Resolution is another issue. Some genuinely distinct species share 16S sequences that are nearly or completely identical. The Bacillus cereus group, for instance, includes species with very different clinical significance but almost indistinguishable 16S genes. In these cases, whole-genome sequencing or other gene targets are needed to tell them apart. Horizontal gene transfer can also complicate things. In some bacterial lineages, 16S genes get swapped between related species, creating an apparent lack of diversification at the 16S level that doesn’t reflect the true diversity of those organisms’ genomes.

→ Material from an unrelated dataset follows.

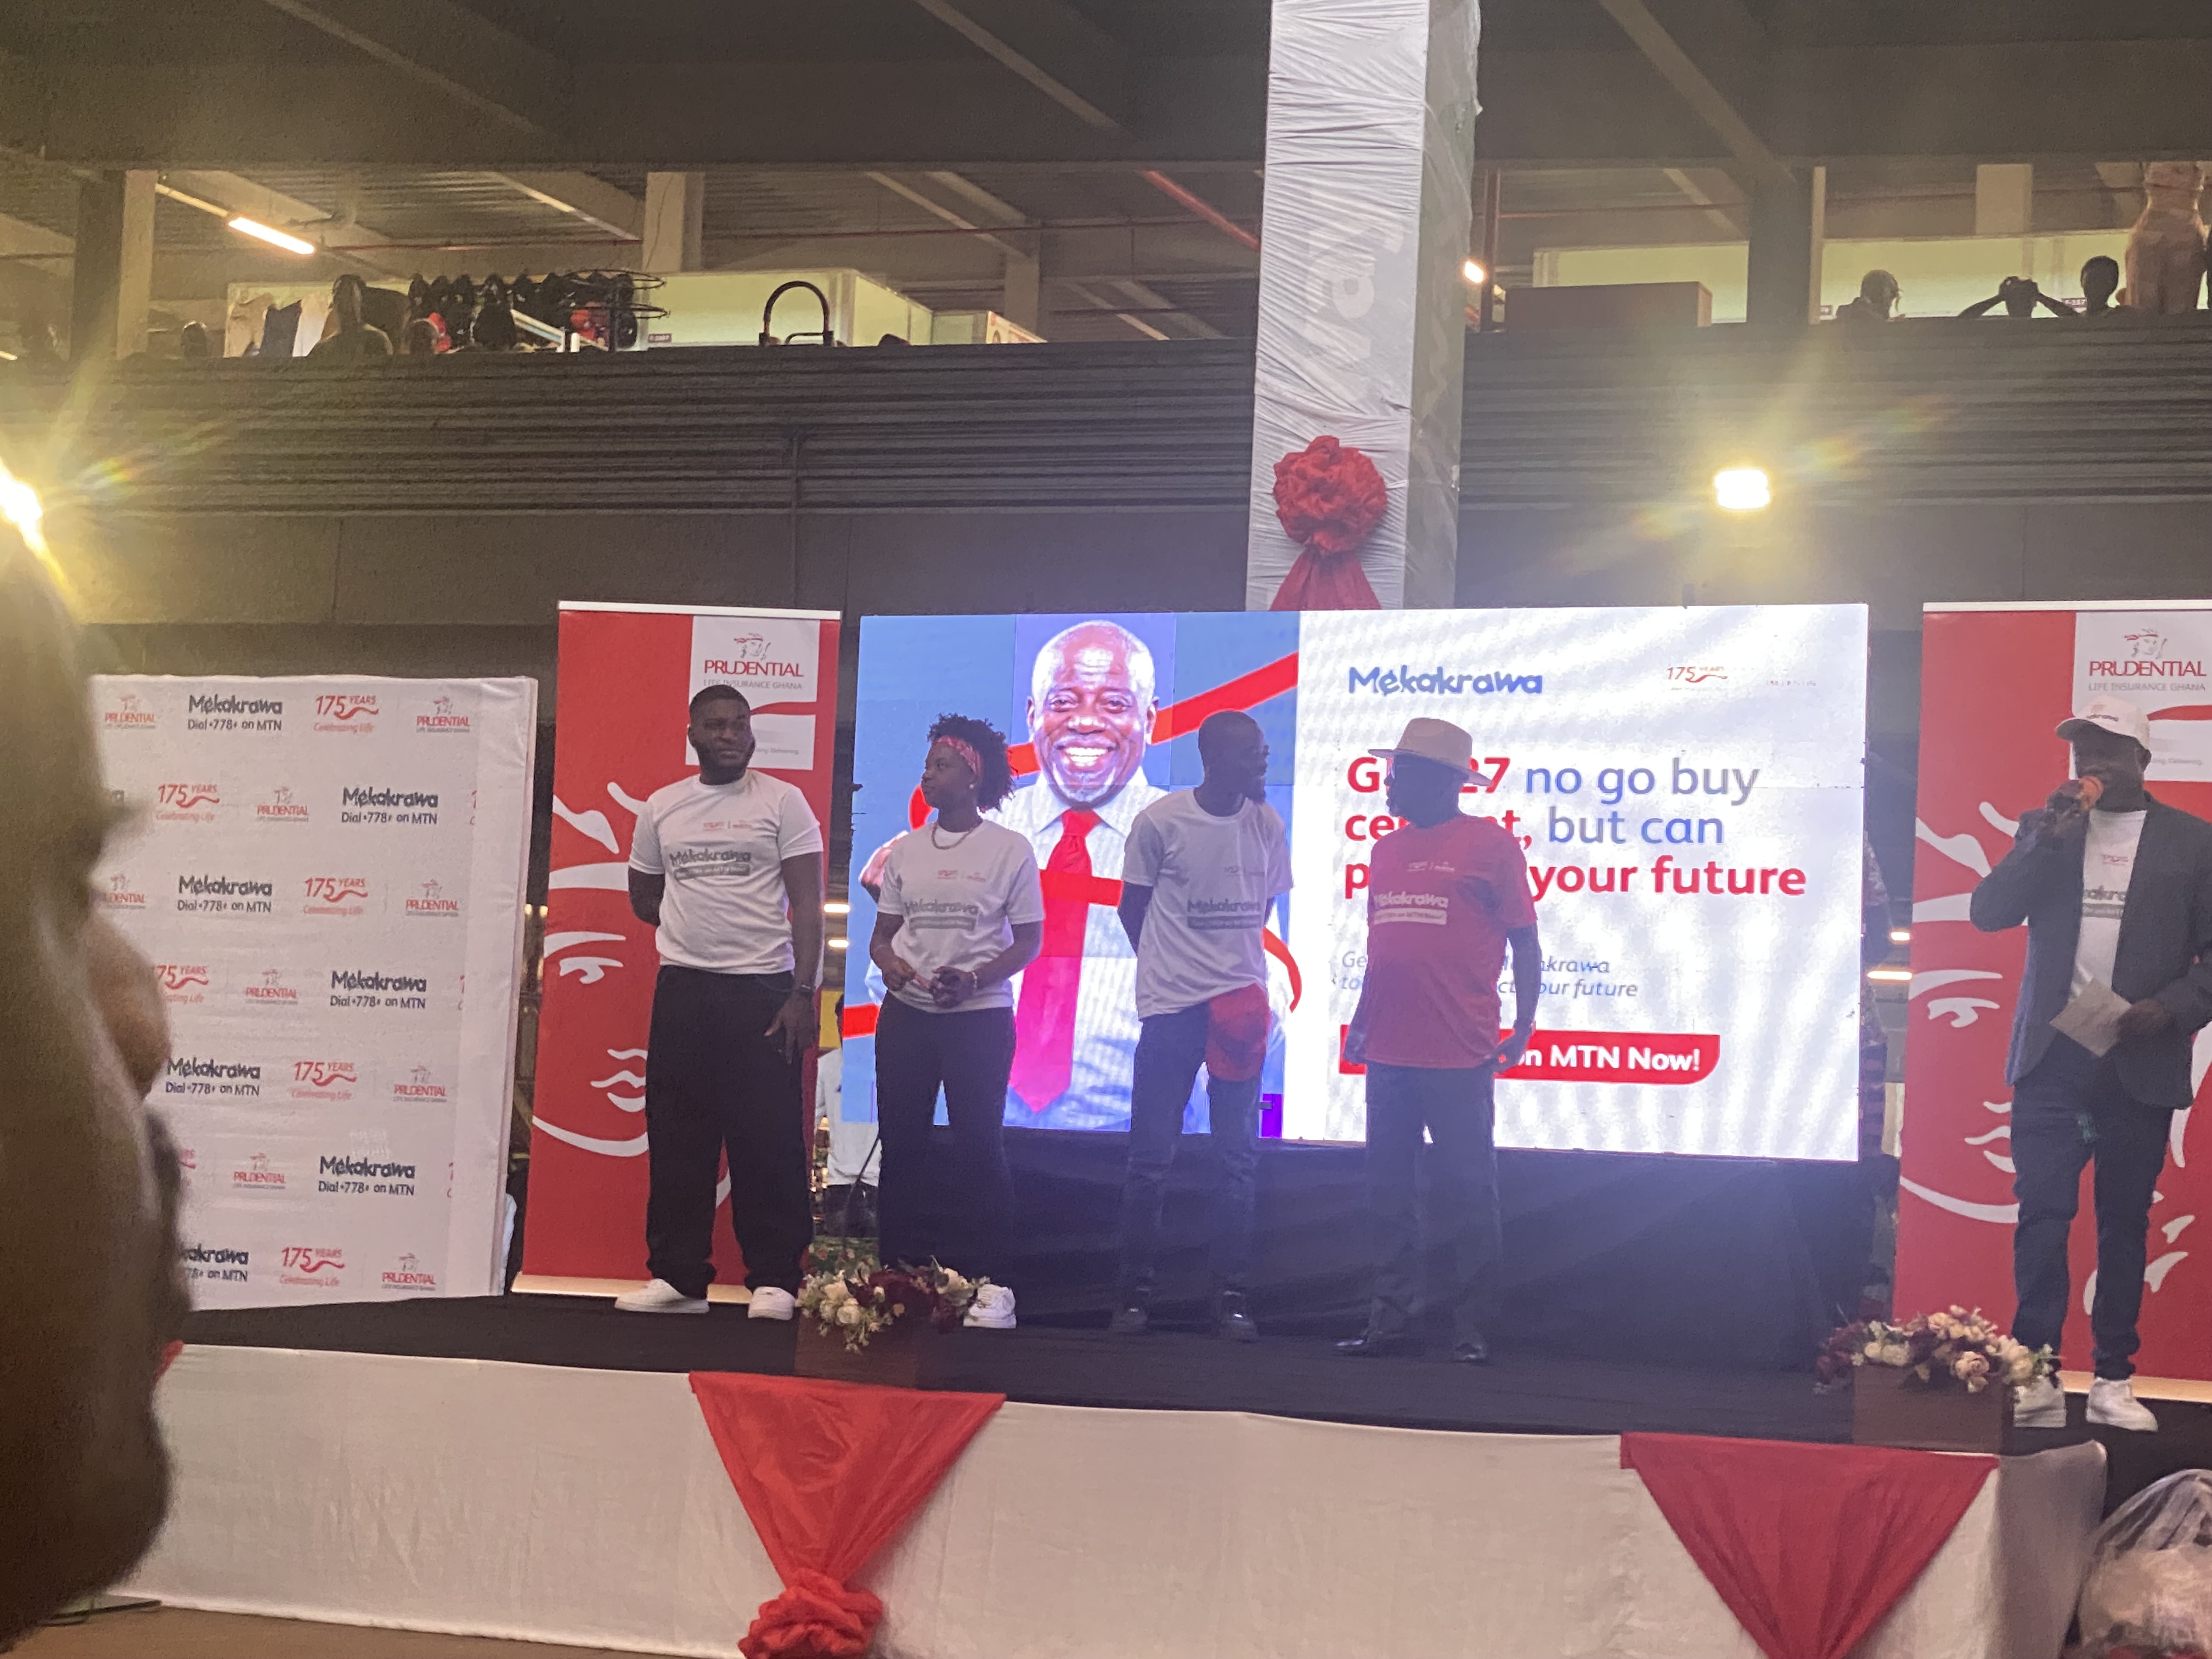 Fred Amugi, Lil Win unveiled as ambassadors of Prudential’s Mekakrawa insurance policy

Why It Remains the Standard

Despite these limitations, no single gene has displaced 16S rRNA for routine bacterial identification. The practical reasons are hard to argue with: universal primers work across nearly all bacteria, the gene is long enough to carry meaningful taxonomic information, reference databases contain millions of sequences for comparison, and decades of published literature use 16S as the common framework. When researchers discover a new bacterial species, the 16S sequence is still typically the first piece of molecular evidence they submit. It isn’t perfect for every question, but for the fundamental task of figuring out what bacterium you’re looking at, it remains the most accessible, most standardized, and most widely supported tool available.